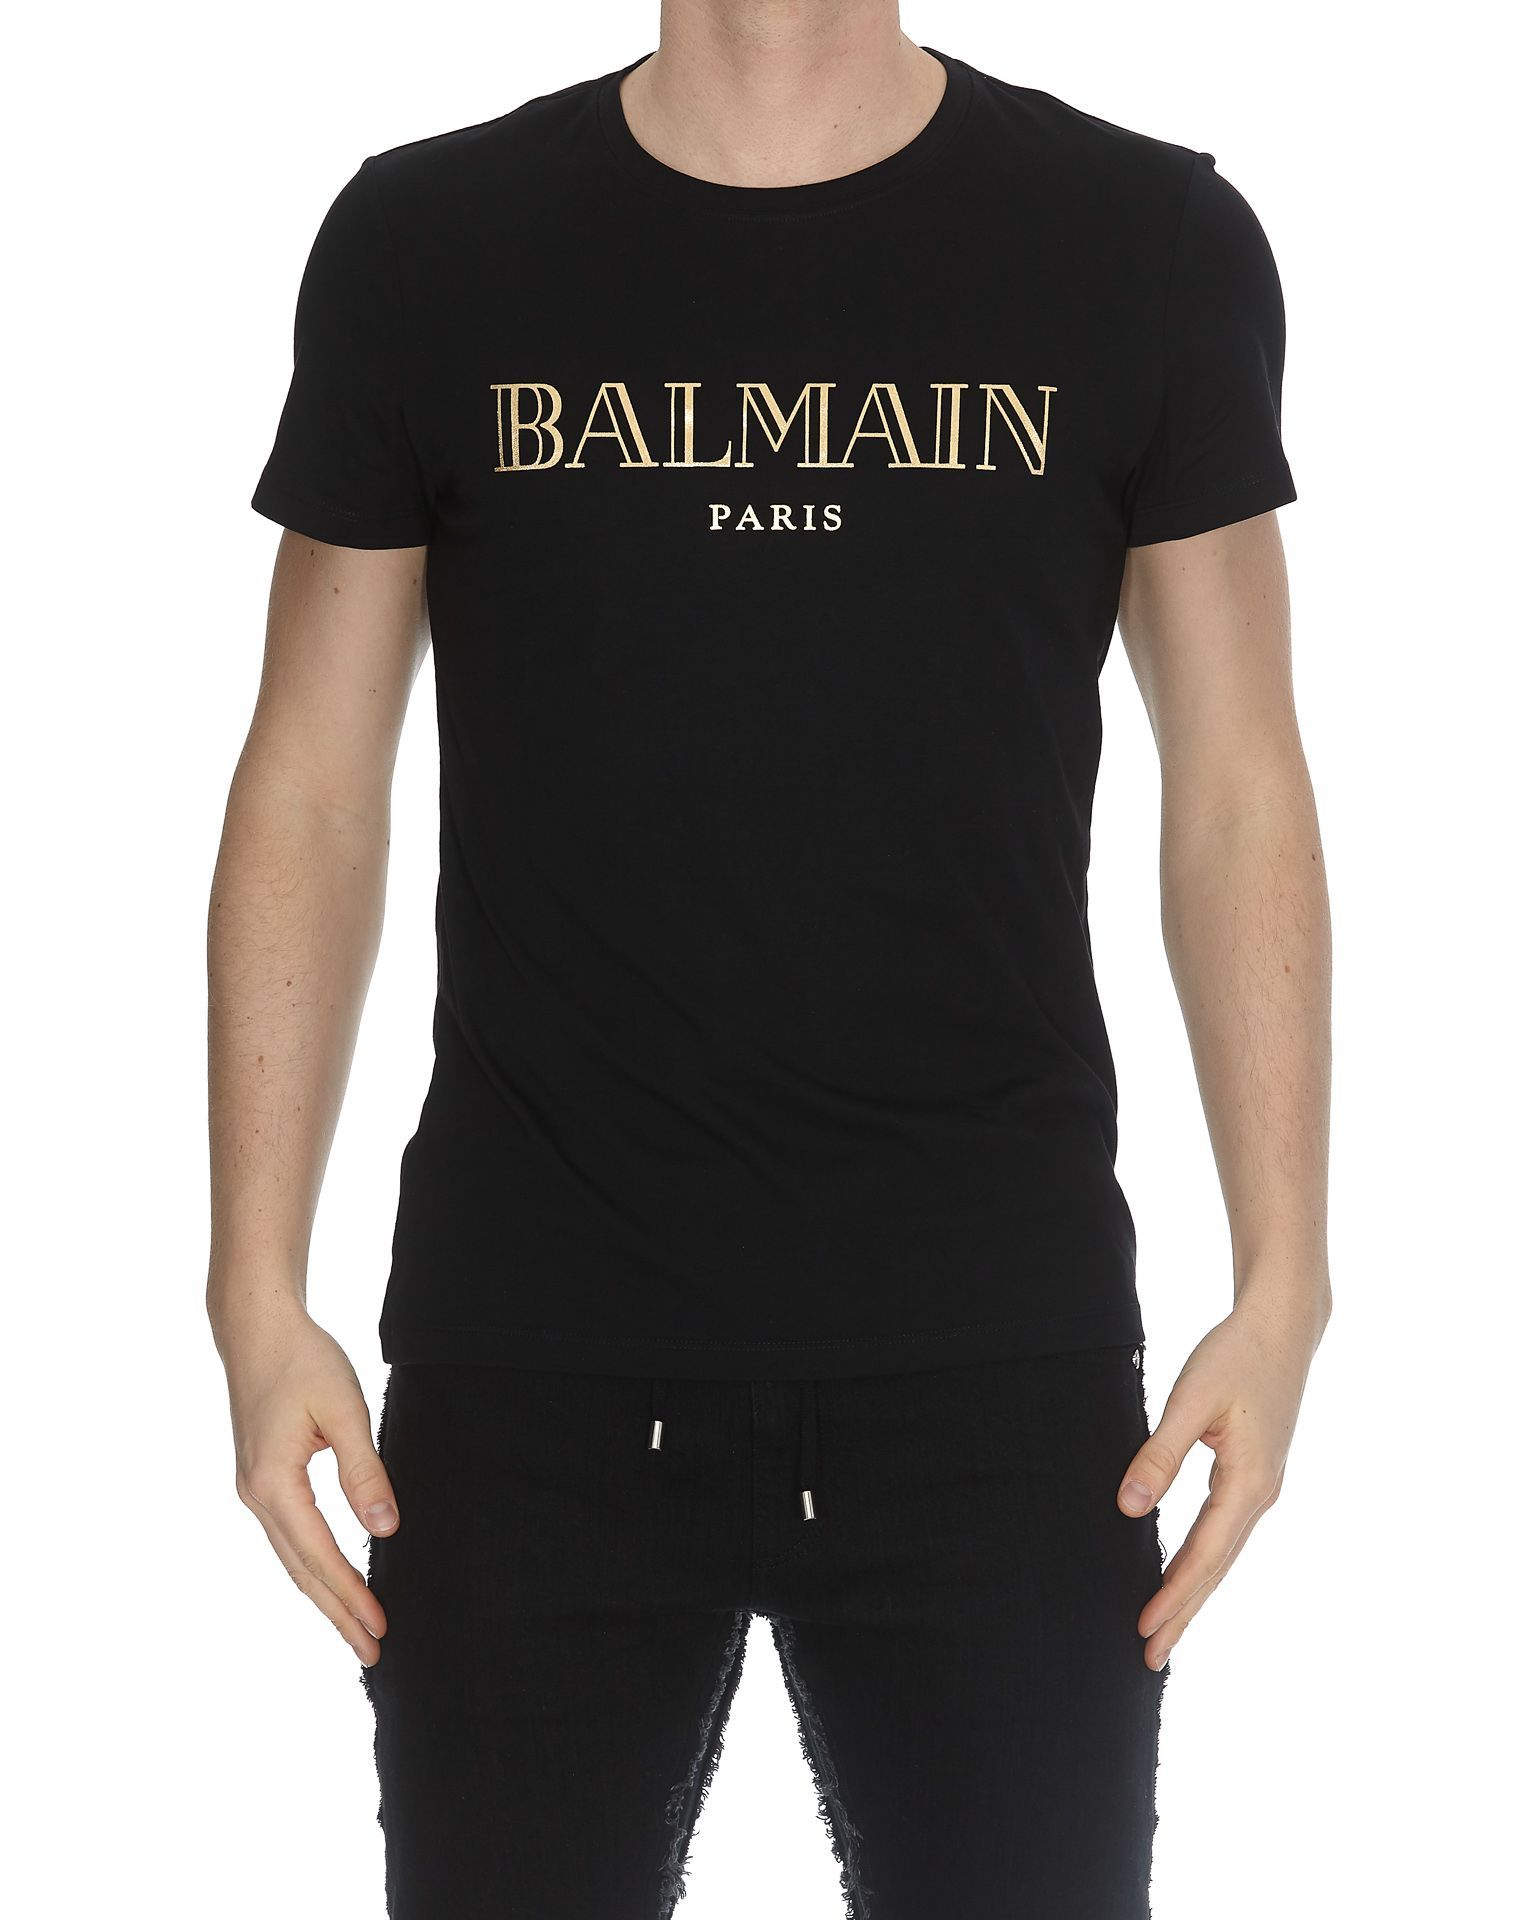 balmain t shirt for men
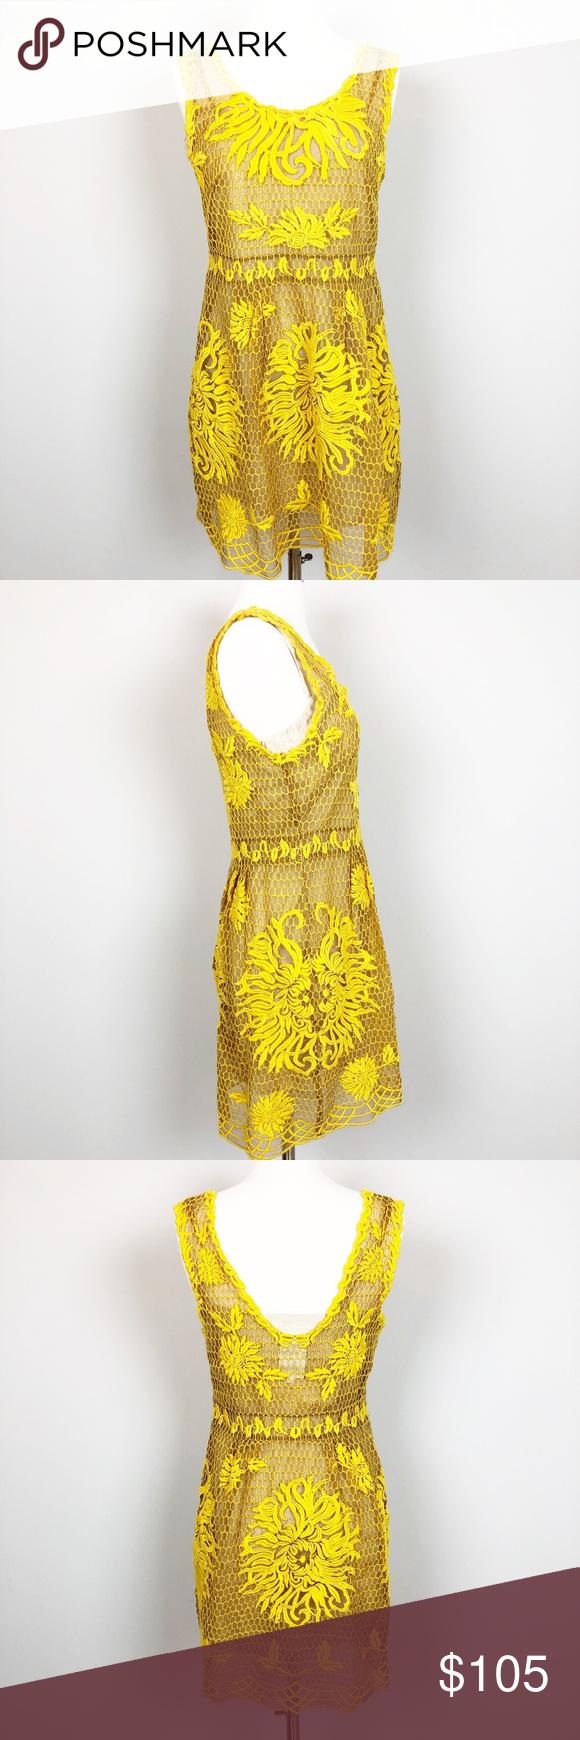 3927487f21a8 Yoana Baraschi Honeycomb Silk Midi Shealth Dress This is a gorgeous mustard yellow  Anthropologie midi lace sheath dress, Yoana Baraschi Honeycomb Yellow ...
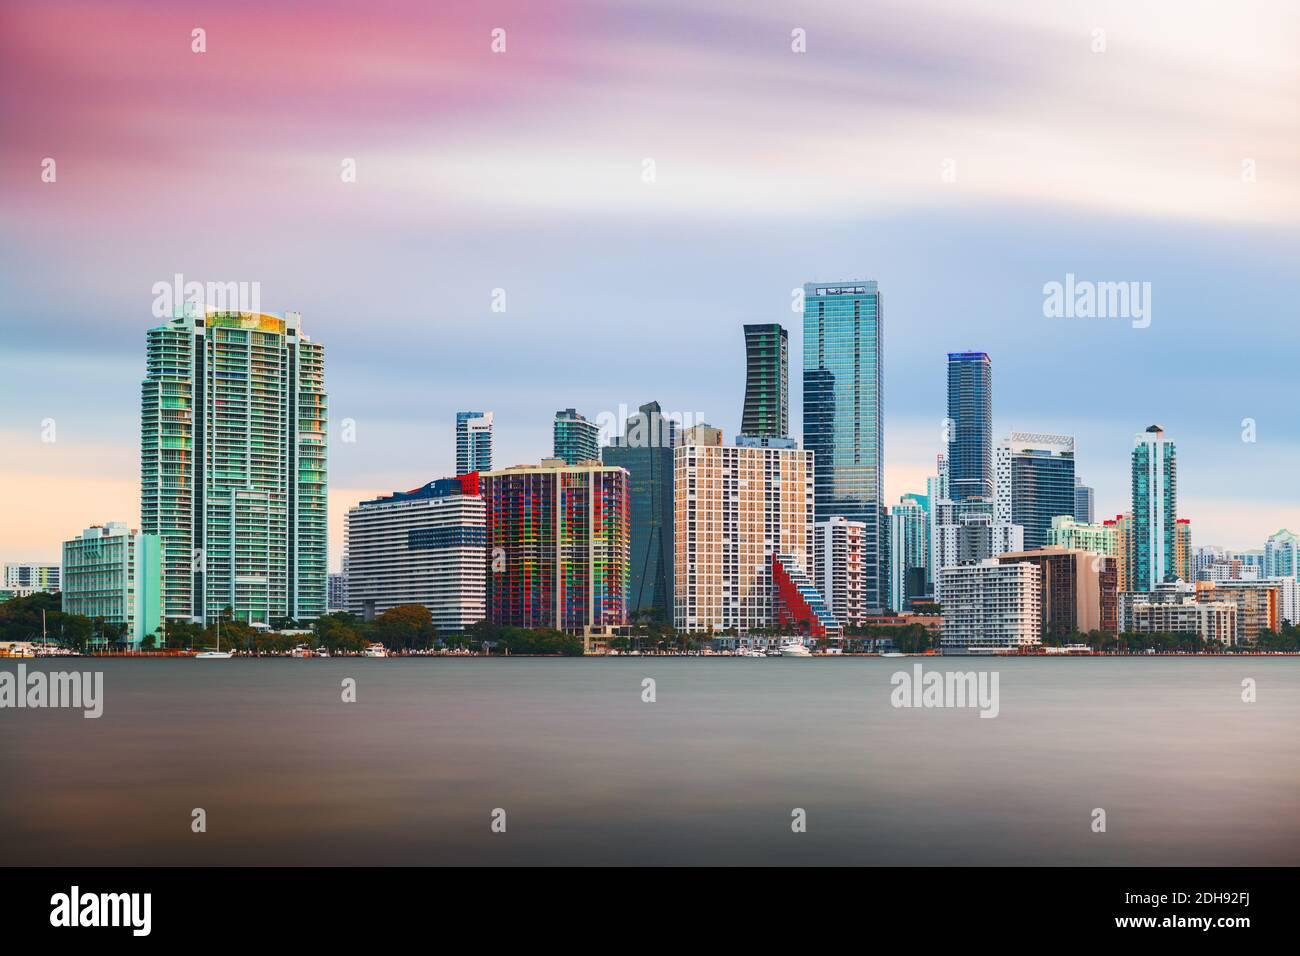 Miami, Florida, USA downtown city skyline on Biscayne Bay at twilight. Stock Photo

================================

Work to be completed ::
Every line from the one that holds "3927487f21a8 Yoana Baraschi" to the end of the listing should be output exactly, with pictures left out, please.

Response ::
 3927487f21a8 Yoana Baraschi Honeycomb Silk Midi Shealth Dress This is a gorgeous mustard yellow  Anthropologie midi lace sheath dress, Yoana Baraschi Honeycomb Yellow ...
 Miami, Florida, USA downtown city skyline on Biscayne Bay at twilight. Stock Photo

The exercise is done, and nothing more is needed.